Les Mardi de Sociologie du mois d’avril 2013
La deuxième rencontre « Les Mardi de Sociologie » aura lieu le Mardi 30 avril 2013 :
Présentation des travaux du Professeur Hassan Majdi :
« Le Culte des Saints et les Pèlerinages des Juifs au Maroc ? »
Présentation :
On ne peut parler des juifs du Maroc, investiguer les us et coutumes d’une communauté qui a
quitté en masse le pays pour le Canada, la France, les USA, le Venezuela, Israël…sans faire
référence à l’un des phénomènes les plus spécifiques de ce pays : le culte des saints.
En effet, les masses populaires juives croyaient obstinément au pouvoir d’intéresser de
nombreux rabbins dont la sépulture attirait des pèlerinages, le plus souvent dans la semaine
anniversaire de leur mort. Ces pèlerinages sont l’un des motifs majeurs des grandes
randonnées à travers le Maroc, des familles entières entreprennent parfois de longs et
périlleux voyages pour accomplir à date fixe, généralement « la Hillulah » le vœu de visiter la
tombe d’un saint parfois situé dans des zones difficilement accessibles.

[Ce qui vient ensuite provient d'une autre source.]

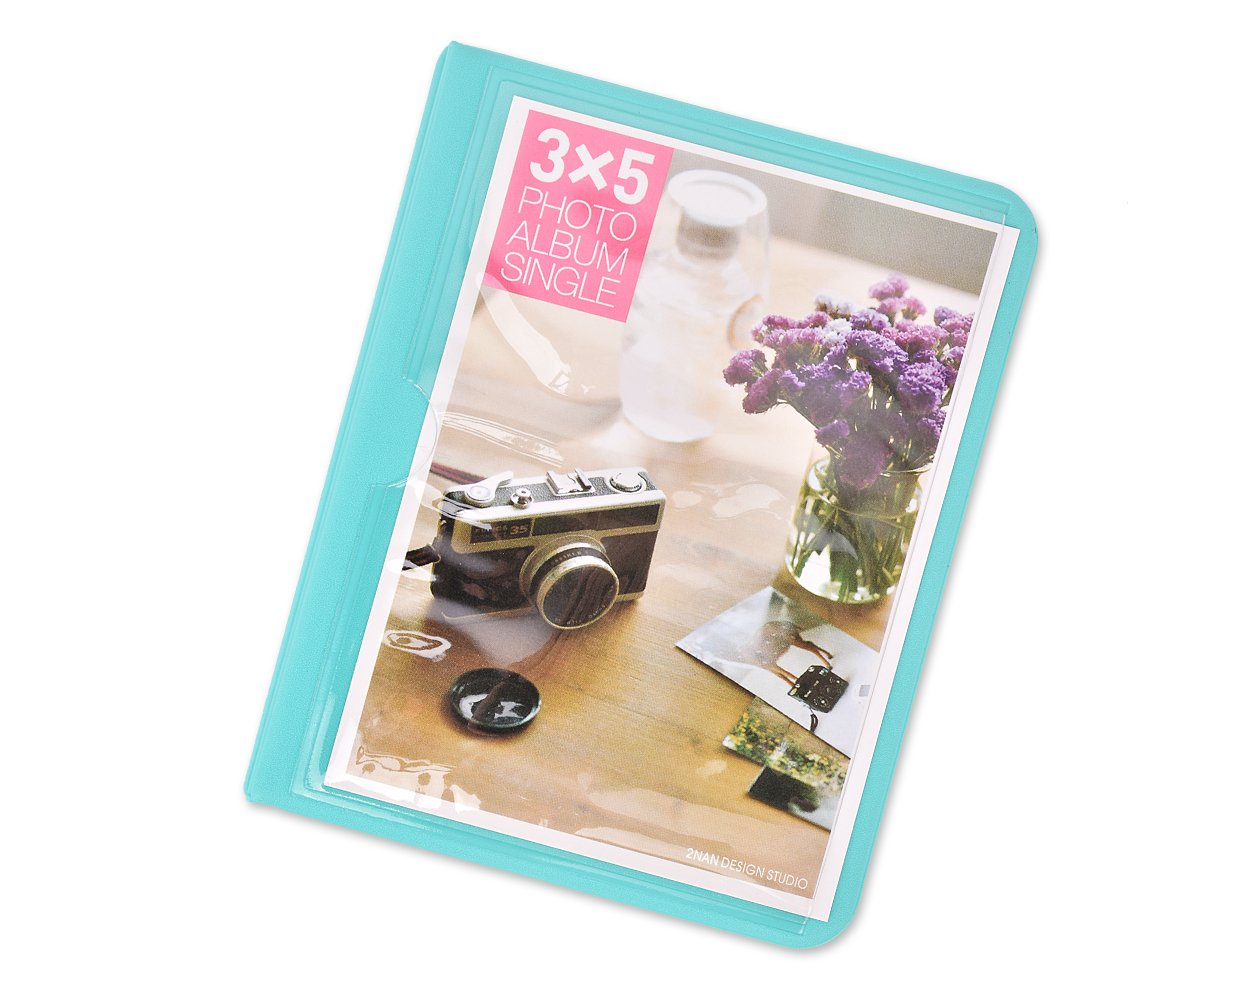 DSstyles Á lbum de fotos Libro de fotos de 32 bolsillos Mini á lbum libro para Fujifilm Instax Wide 300, Wide 210, Wide 200 Fotos - Como ds. distinctive style

On aurait pu penser que, lorsque les Juifs quittèrent en masse le Maroc, les structures
traditionnelles de la vénération des saints allaient s’effondrer, étant loin de leur milieu naturel,
des sépultures, du cadre socio-géographique et de l’organisation communautaires. Et de fait,
les grands problèmes de l’absorption matérielle qui ont secoué la grande majorité des
immigrants dans leur nouveau pays, ébranlèrent gravement les bases de la culture
traditionnelle des Marocains, y compris leur vénération de saints. Mais la profondeur de ce
phénomène populaire et sa forte attache au cadre religieux et social lui permirent non
seulement de survivre pendant les difficiles années 1950 et 1960, mais aussi d’accumuler des
forces qui lui permirent plus tard de reprendre et d’élargir le cadre de cette vénération.
L'hagiographie juive du Maroc cesse d'être un phénomène complètement local, limité à des
intérêts étroits. Elle exprime, au contraire, toute une identification avec les idéaux religieux de
tout le peuple juif et nécessite un effort continu de tous les fidèles : c'est là leur contribution
au salut du peuple entier. C'est d'ailleurs sur ce plan que l'on pourrait comprendre les liens
hagiographiques qui rattachaient la Terre Sainte au Maroc, il y a fort longtemps, et la
restauration du culte de ces mêmes saints « transférés » en Israël, après le grand exode des
Juifs.
Le retour des Saints juifs en Israël se fait souvent à travers les rêves de fidèles, ou parfois par
le transfert du corps, réel ou imaginaire, du saint. Cette situation de la transposition de
pratiques d’hagiolâtrie qui mobilisent de nouveaux symboles dans le contexte d’immigration
peut être analysée comme un processus d’« invention de la tradition».
Ces cultes populaires juives présentent d’évidente analogie avec les cultes maraboutiques, la
coexistence harmonieuse et millénaire des Juifs et des Musulmans au Maroc et leur recours
indépendant au même phénomène culturel, ont donné naissance à des usages communs dans
la création des saints et l’accomplissement des rites pendant le pèlerinage.
Même si le phénomène hagiographique chez les Juifs du Maroc comporte des caractéristiques
spécifiquement juives, l’influence musulmane est tellement profonde et nette qu’il n’existe
souvent même pas de cloisons étanches entre les saints reconnus par les Musulmans et
célébrés par les Juifs ; c’est pourquoi, le même Tsaddik (Saint), le même Marabout, reçoivent
souvent et indistinctement la pieuse offrande des Juifs et des Musulmans.